Она не могла понять, на кого больше злится — на них, надменных счастливцев, или на себя, обделенную при рождении положенной порцией счастья. Если бы кто-то посмел ей сказать, что дрожащее, горячее, болезненно-стыдное чувство, которое не покидало ее с детства и распухло к юности до неприличных размеров, на самом деле называется простым словом «зависть», она бы, вероятно, задохнулась от возмущения. Да кому завидовать? Ее мама зарабатывает не хуже, чем их родители. Она сама в сто раз красивее, умнее, талантливей, чем все они, вместе взятые. Да что они значат без своих знаменитых мамочек-папочек? Ничего!

Она не была такой уж злой, наоборот, она любила дарить подарки, никогда не жадничала. Она рано, лет в четырнадцать, научилась готовить, делала потрясающие салаты, пекла вкуснейшие пироги, с удовольствием всех угощала, приходила в гости с чем-нибудь вкусным собственного приготовления, обязательно помогала убирать со стола, легко и незаметно могла перемыть гору грязной посуды на чужой кухне. Если кто-то болел, она всегда навещала, и не с пустыми руками, если кто-то плакал — утешала. Она умела пожалеть, посочувствовать, когда кому-то плохо. Но совершенно не выносила, когда кому-то хорошо. Ей всегда казалось, что другому слишком хорошо, что это незаслуженно. Похвала в чужой адрес звучала для нее личным оскорблением, особенно если хвалили девочку.

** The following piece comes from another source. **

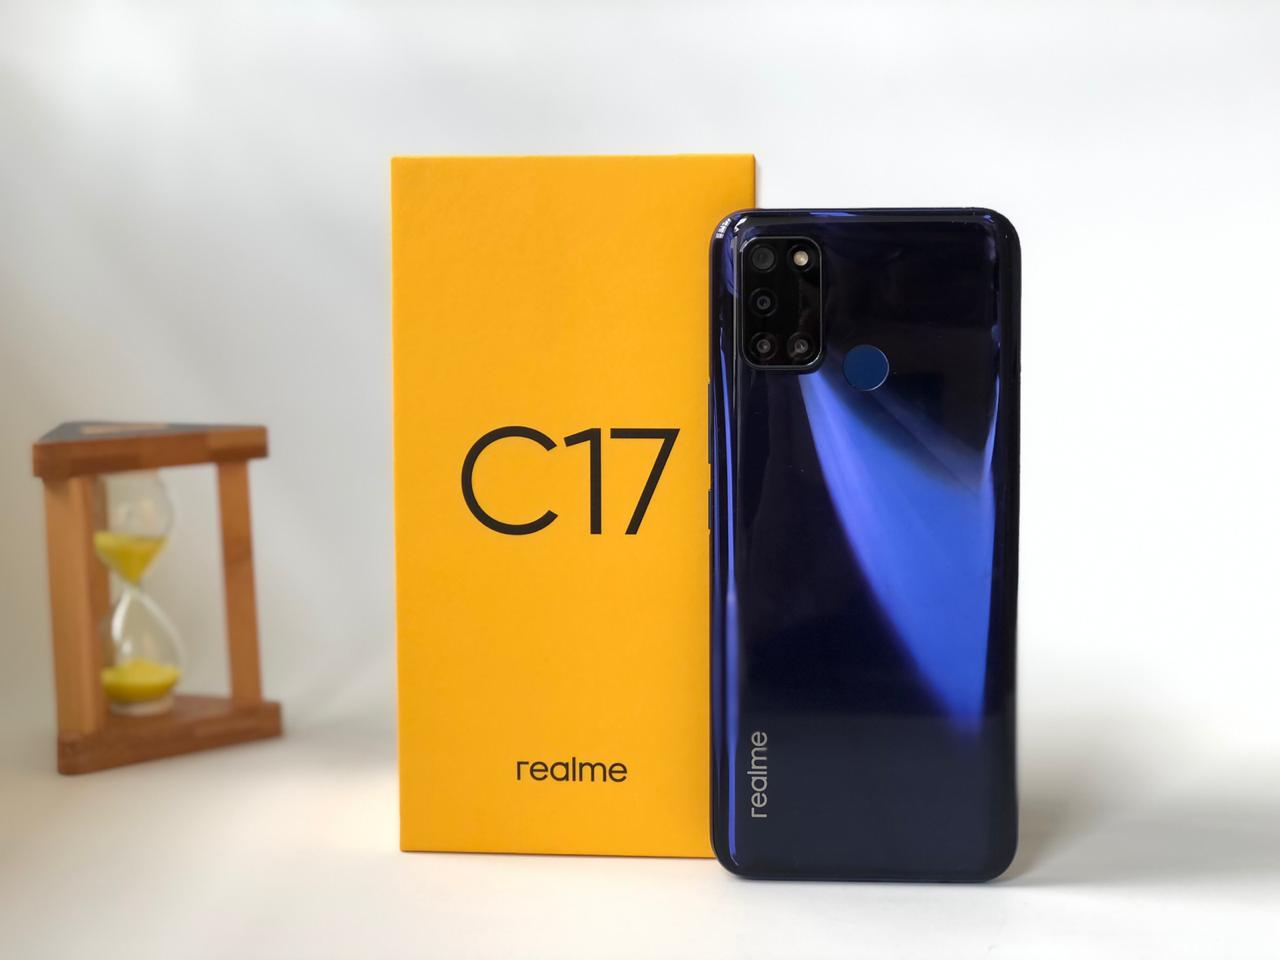 realme c17 (3)

Девочек в их тесной компании было немного. Позже, к старшим классам, появлялись и исчезали случайные, «пришлые» хорошенькие куколки. На них она не обращала внимания. Но за «своими», за теми которых знала с детства, всегда следила с особой ревностью. Они чем-то неуловимо отличались от других девочек, с которыми она училась в школе, и от нее самой. Была в них какая-то особенная легкость, самоуверенность, рассеянность, надменная грация. Рядом с ними Света чувствовала себя грубой, неуклюжей, неженственной, и джинсы не так на ней сидели, и тщательно сделанный макияж вдруг казался вульгарным, неуместным.